Angiotensin II-pretreated Hucmscs Attenuate Inflammation and Reverse Pulmonary Fibrosis in SD Rat Lung

Abstract Background: Pulmonary fibrosis (PF) is an irreversible disease with a poor prognosis and a serious impact on patients' health. PF is also associated with COVID-19, especially in immunocompromised people. Herein, efforts have been made to treat PF using pretreatment of human umbilical cord mesenchymal stem cells (hucMSCs) with angiotensin II (Ang II) as a novel therapeutic method. Methods: PF model of Sprague Dawley (SD) rats were established by tracheal injection of bleomycin (BLM) (5U/Kg). On day 15 after modeling, PBS, hucMSCs or hucMSCs-Ang II were injected into tail vein. On the 23rd day after modeling, samples were taken and corresponding indexes were tested.Results: Our results first showed that Ang II pretreatment induced more hucMSCs to reach the injured lung and alleviated pulmonary fibrosis.
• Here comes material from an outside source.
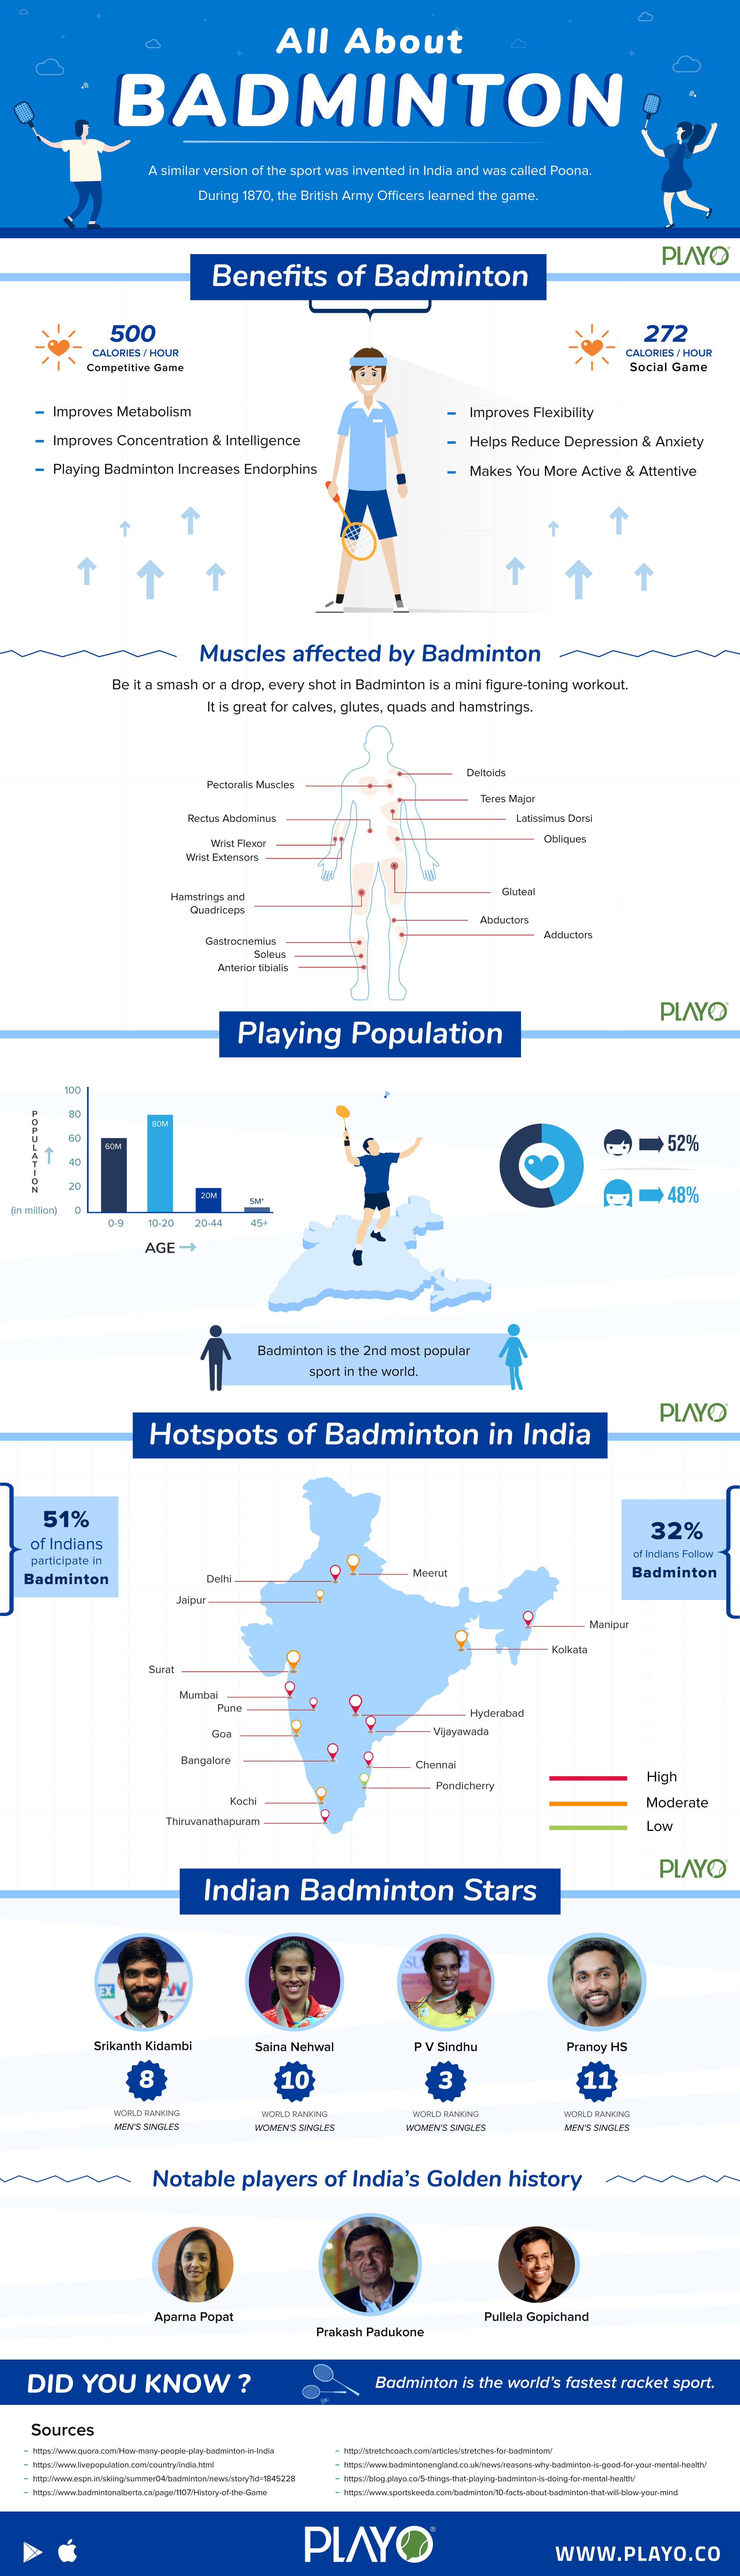 Playo's infographic Badminton.

Transplantation of hucMSCs-Ang II reduced inflammatory infiltration, increased IL-10 expression and enhanced macrophage matrix-metallopeptidase-9 (MMP-9) expression for collagen degradation. Moreover, the Ang II-treated hucMSCs decreased hydroxyproline (HYP) and alpha-smooth muscle actin (α-SMA) expression in SD rats and promoted collagen and collagen fiber degradation.Conclusions: Ang II pretreatment enhanced the homing ability of hucMSCs, and hucMSCs-Ang II transplantation reversed PF by inhibiting inflammation and promoting collagen and collagen fiber degradation, promising its clinical application in the treatment of post-inflammatory PF caused by various disorders, including COVID-19 and related pneumonia.